5. Muscle and Joint Aches
Widespread muscle pain and joint stiffness are common during the acute phase. The aching tends to be generalized rather than focused on one joint or muscle group. It feels like the deep, all-over soreness you get with the flu. This happens because the immune system releases inflammatory signals as it fights the virus, and those signals affect muscles and joints throughout the body.
6. Night Sweats
Night sweats during early HIV infection go beyond feeling warm under the covers. People describe waking up with sheets and clothing soaked through, regardless of room temperature. Night sweats can also appear later in the course of untreated HIV as the immune system weakens further. When they persist for weeks and can’t be explained by other causes like menopause or medication side effects, they’re worth paying attention to.
7. Mouth Sores and Thrush
Oral symptoms are among the more distinctive warning signs. Thrush (oral candidiasis) produces white or yellowish patches inside the mouth that can appear on the tongue, inner cheeks, or roof of the mouth. If you wipe the patches away, the tissue underneath is red and may bleed. Some people also experience a burning sensation. Thrush occurs because HIV weakens the immune system’s ability to keep naturally occurring yeast in check.
Another oral sign is hairy leukoplakia: thick, white, ridged patches that typically appear on the sides of the tongue. Unlike thrush, these patches don’t wipe off. Hairy leukoplakia is caused by a reactivation of the Epstein-Barr virus, which most people carry without problems until their immune defenses drop. Neither condition is contagious to others through casual contact.
Why Symptoms Alone Aren’t Reliable
The core problem with using symptoms to identify HIV is that roughly one in three people who contract the virus never notice any early signs. Those who do get symptoms often describe them as mild and nonspecific. Fever, sore throat, and body aches describe dozens of common illnesses. Even doctors can’t diagnose HIV from symptoms alone.
The only way to know your status is through testing. The type of test determines how soon after exposure it can give an accurate result. A nucleic acid test (NAT), which looks for the virus directly, can detect HIV 10 to 33 days after exposure. An antigen/antibody lab test using blood drawn from a vein works within 18 to 45 days. A rapid finger-stick antigen/antibody test is reliable between 18 and 90 days, and standard antibody-only tests take 23 to 90 days to become accurate. If you test after the window period has passed, have had no new exposure in that time, and the result is negative, you do not have HIV.
Signs of Advanced, Untreated HIV
When HIV goes undiagnosed and untreated for years, the immune system eventually weakens to the point where the body can’t fight off infections it would normally handle easily.

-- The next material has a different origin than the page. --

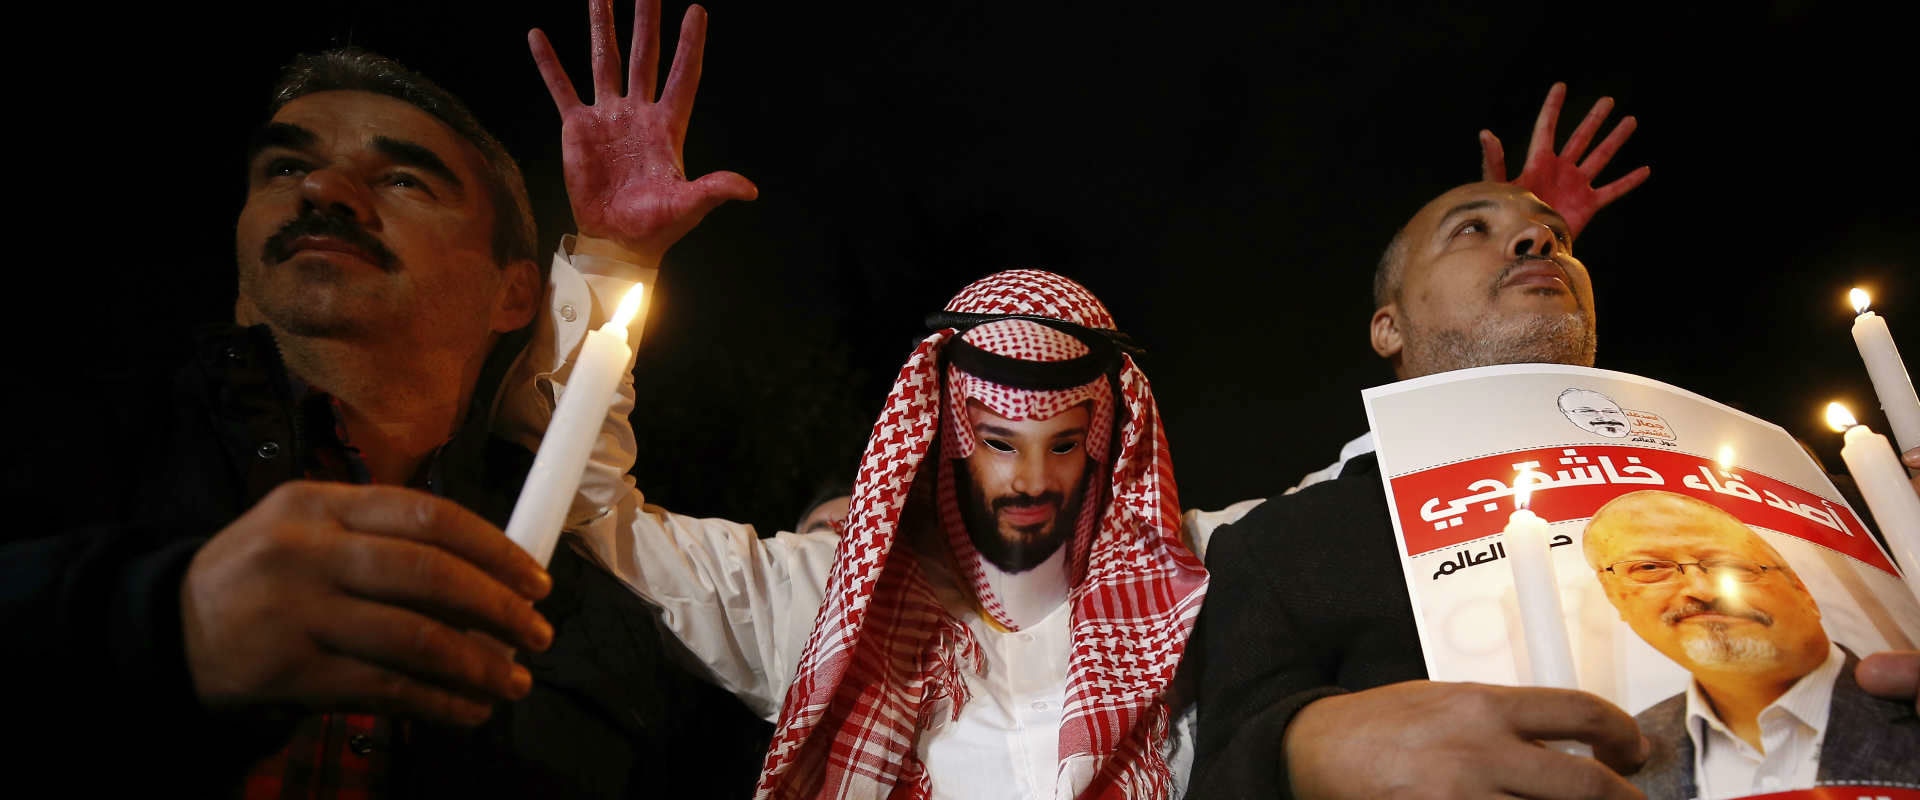 הפגנה נגד השלטון הסעודי

This stage is classified as AIDS. The warning signs at this point are different from the early flu-like symptoms and tend to be more severe and persistent.
Rapid, unexplained weight loss is one of the hallmark signs. Chronic diarrhea lasting more than a month, recurring pneumonia, and persistent fevers are also common. Some people develop unusual skin cancers (Kaposi sarcoma) or severe herpes outbreaks that don’t heal. Recurring yeast infections in the throat or lungs, chronic fatigue that doesn’t improve with rest, and neurological symptoms like memory loss or confusion can all signal advanced disease.
These late-stage complications are largely preventable. Modern antiretroviral treatment, when started early, keeps the virus suppressed and the immune system intact. People diagnosed and treated promptly can expect a near-normal lifespan. The critical step is catching the infection before it progresses, which circles back to testing rather than waiting for symptoms to tell the story.